Even uncontroversial examples of government nannying, like the federal crusade against smoking, aren’t as clear-cut as they seem. My favorite study of all time comes from scholars Charles Baum and Shin-Yi Chou, who found that smokers were 7.8% less likely to be obese and that the decline in smoking was the single most significant factor in explaining America’s obesity problem. Tobacco makes you sexy! The point, of course, isn’t that we should all stampede to the nearest CVS and pick up a carton of Marlboros (though an occasional two on a cool night hits the spot). But the anti-tobacco paternalists never calculated that by tamping down smoking, they would help cause an obesity crisis. Having “solved” a problem, they created another one, which we must now allow them to “solve.”

But let’s set all that aside for a moment and pretend that paternalism is a green-eyeshades matter of costs and benefits, and that government officials act competently. That still doesn’t mean we should surrender our freedoms to a hive of regulators. A crucial part of life, whether we like it or not, is that there are consequences to our actions, whether from imbibing too much alcohol or drinking too much soda. Overcoming these challenges and learning temperance makes us stronger, and we shouldn’t neuter ourselves by letting government achieve that for us. The colorful pantheon of life experience can’t be squeezed into cold technocratic policies.

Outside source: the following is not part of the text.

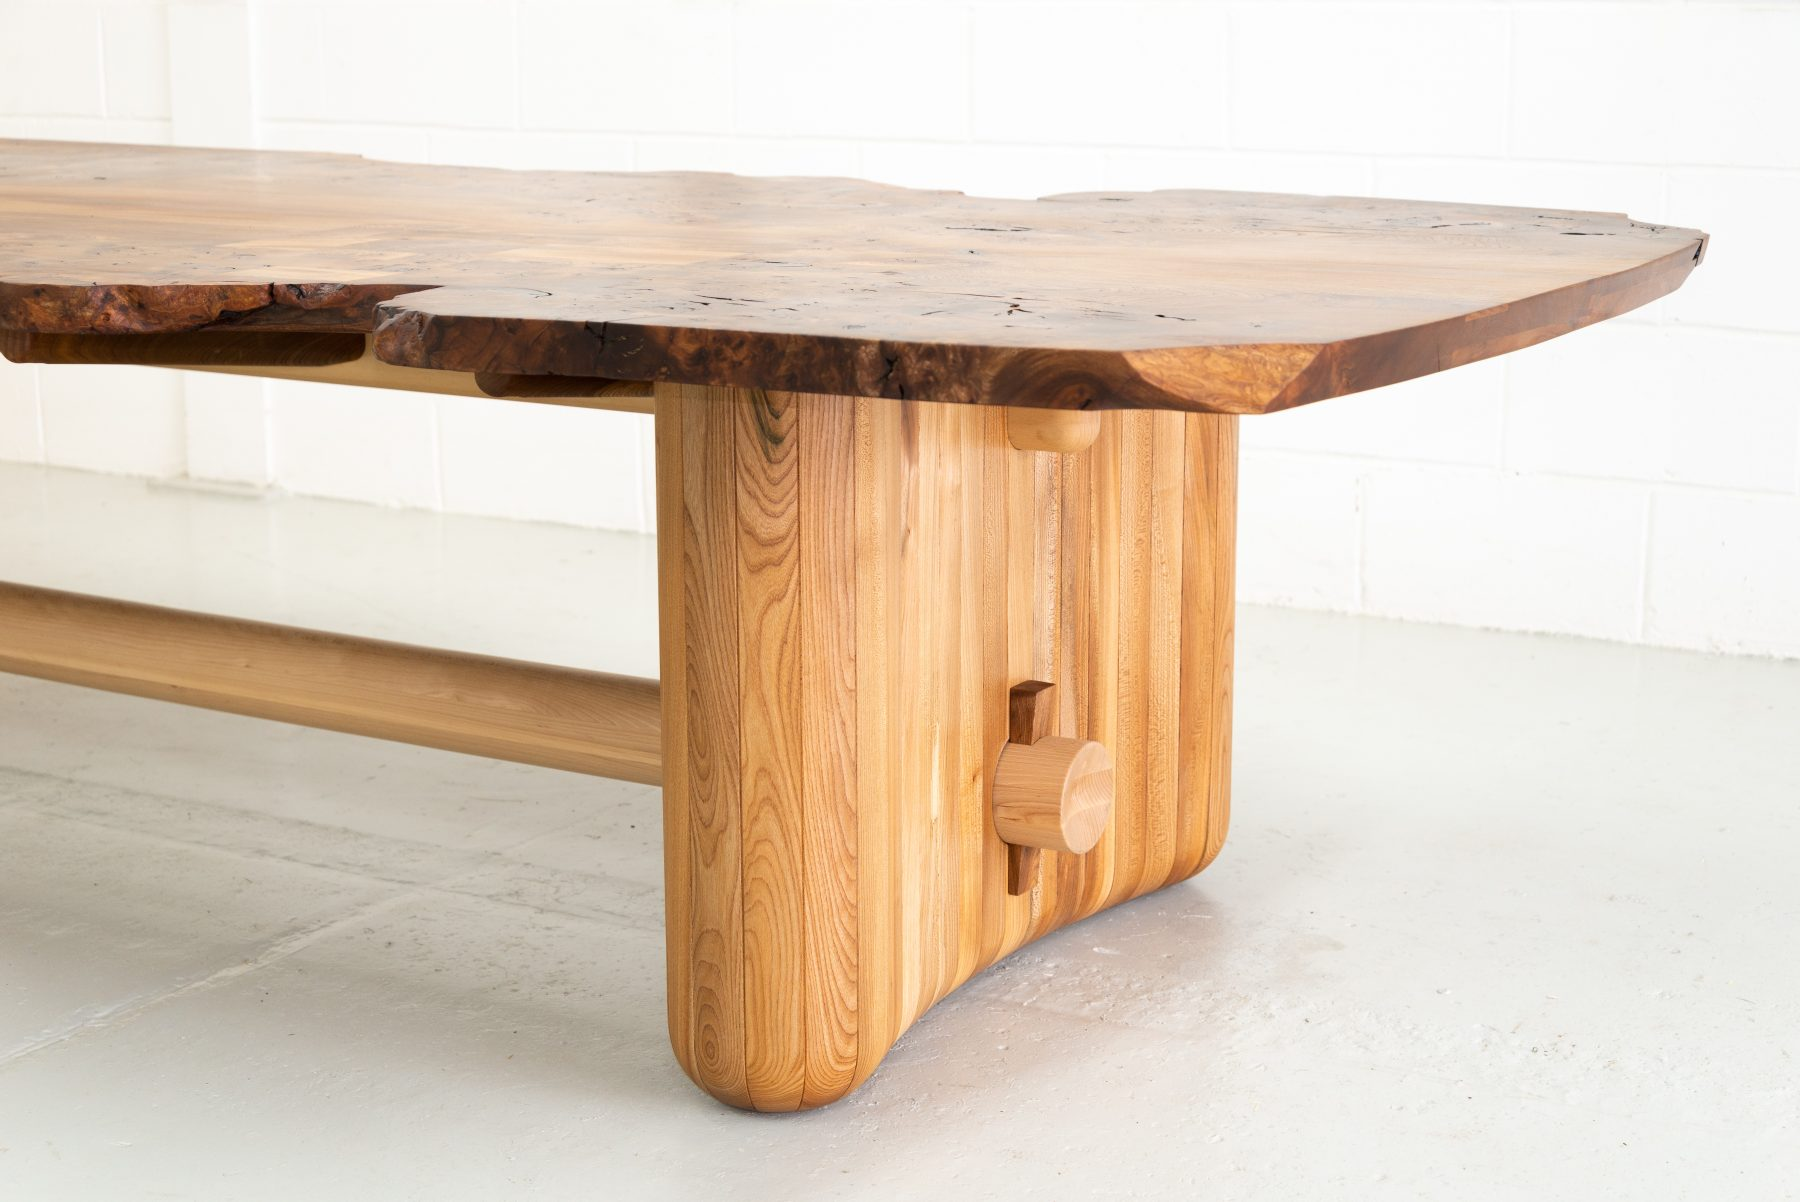 Jan Hendzel Studio Naama Table2

Also, indulging moderately in our vices is enjoyable, something that doesn’t figure into the paternalists’ math equations. As Adam Carolla said in a rant about public beach regulations, “It is true we’ve eliminated every possibility of somebody being concussed by a Nerf football, but we’ve also eliminated all possibility of fun.” If a family’s idea of fun is going to 7-Eleven for Big Gulps every Sunday after church, for goodness sake, leave them alone.

The solution is neither extreme libertarianism nor paternalism. Rather, it’s a cautious and civic-minded attitude among regulators, who defer to liberty first and only intervene if others are being harmed or if it’s absolutely necessary to preserve public virtue. We don’t need necrophilia. But we also don’t need Cass Sunstein nudging us around in his sandbox.